Under pressure from Myrtle and May, Hannaford and Lee convince their dad that he should retire, and eventually Lee and Myrtle force him out of the home he built with his dye-company earnings and push him into renting space at a home for old men, where he’s surrounded by quarrelsome, kvetchy codgers and lives an existence he hates but pretends to love. While all this is going on, Lena has been dating a young man named Joseph Meyers (William Collier, Jr.), who has invented a new dye process that, because the system of manufacturing it requires one less processing step, will be cheaper; also, unlike the Strausses’ existing process, which requires imported ingredients, the Meyers dye can be produced entirely from raw materials available in the U.S. — which appeals to Strauss Vater’s patriotism towards his adopted country but which the Strauss Söhne couldn’t care less about (which makes their attitude seem far more “modern” than their dad’s!). Unfortunately, she has to leave him (temporarily) when dad sends her out to California to look after the fatally ill Uncle Adolph. When she gets back, she realizes that what’s wrong with her father is he has nothing to do, so she hatches a plan to use the money Uncle Adolph willed her as capital to found a rival dye company, the American Dye Company, using her boyfriend’s process and her dad’s business expertise. American quickly underbids the Strauss company and within a year the Strauss brothers are forced to declare bankruptcy — only they’re bailed out by the mysterious owners of American, whom they have no idea are their father, sister and future brother-in-law.

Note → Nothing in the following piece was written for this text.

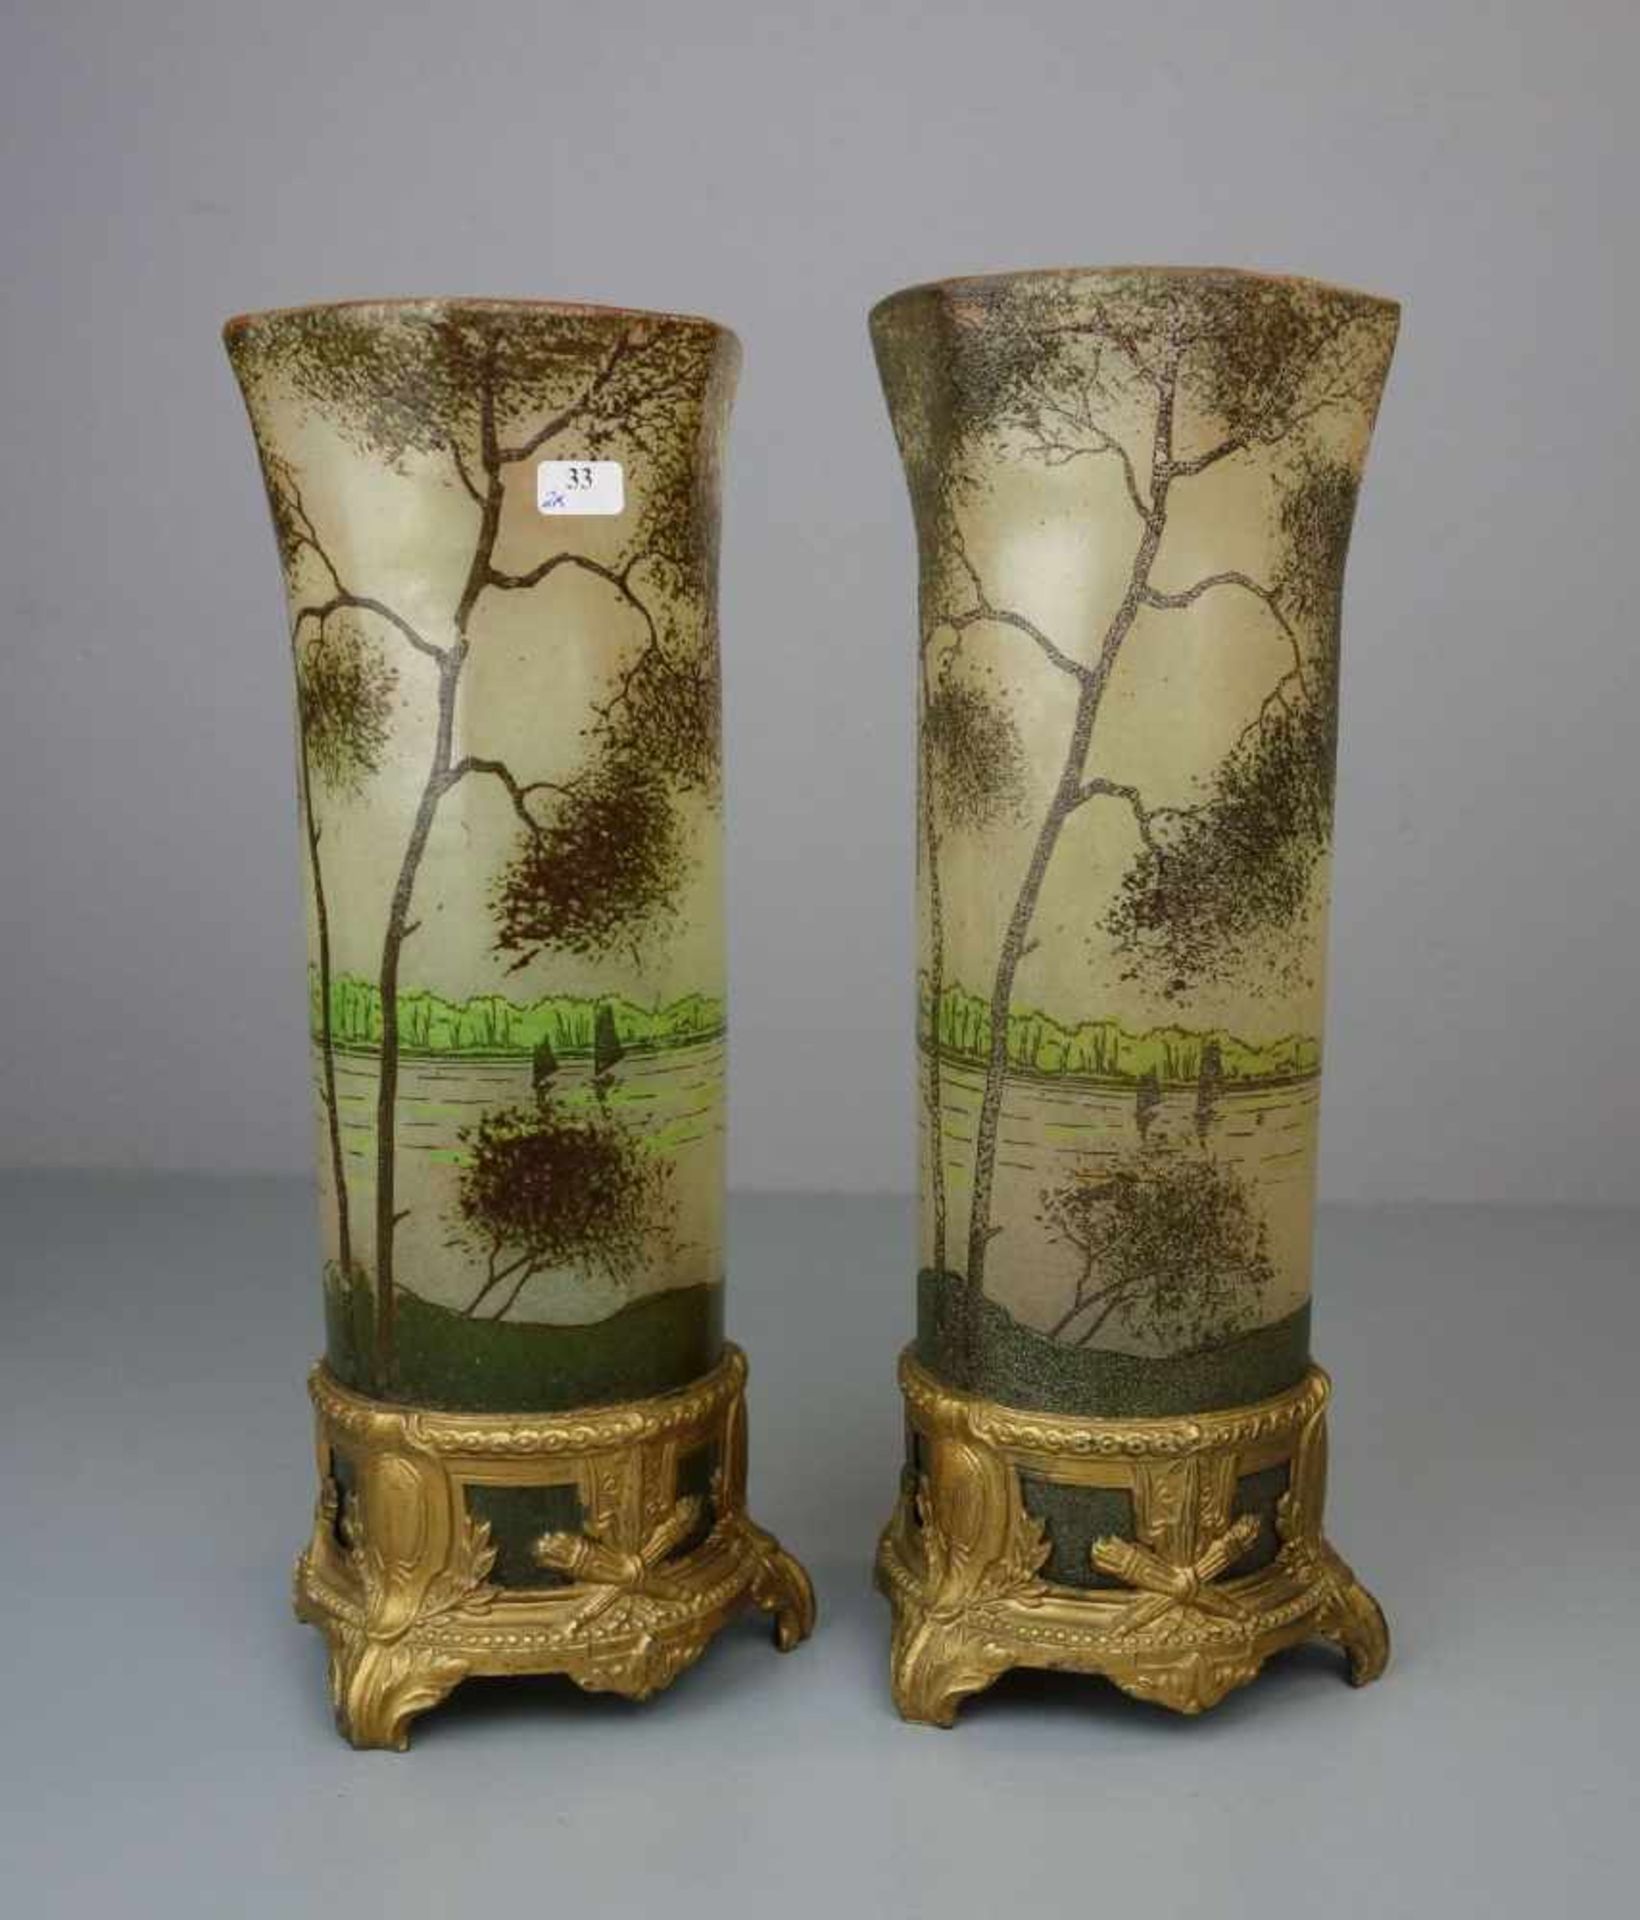 PAAR JUGENDSTILVASEN MIT LANDSCHAFTSMOTIV UND METALLMONTUREN / pair of art nouveau vases with

Shot under the working title The Fifth Commandment (the one about honoring thy father and mother), Forgotten is an understated drama that thanks to Sauber’s script and the unsentimental direction of Richard Thorpe avoids the assault on the tear ducts stories like this usually mount; instead, with its parallels to the story of the prodigal son (actually referenced in the dialogue, even though this father has two prodigal sons and it’s his daughter who is the responsible one) and King Lear, it’s a classy melodrama in which Lee Kohlmar creates a haunting character in spite of his near-comic accent. It’s also an ironic movie in that it’s the father who realizes that the business has to grow, change and adopt new technologies to survive, while the sons are the “conservative” ones who refuse to change their production methods until it’s too late. And thanks to Chesterfield/Invincible’s production and distribution deal with Universal, though they were an independent company they had the run of a major studio, including the major studio’s backlog of sets (which is why Charles and I recognized some of the sets from Universal’s own productions) and even some of Universal’s personnel, including longtime “gowns” designer Vera West (they even made that a selling point for their movie by including in the opening credits, “Filmed at Universal City”!), and most importantly they also had access to state-of-the-art sound recording equipment, so the dialogue is clear and audible instead of muddy and buried under hiss the way it was in a lot of 1930’s indies. Forgotten is one of those minor gems buried in the output of 1930’s Hollywood, a pleasant time-filler and also a genuinely moving drama.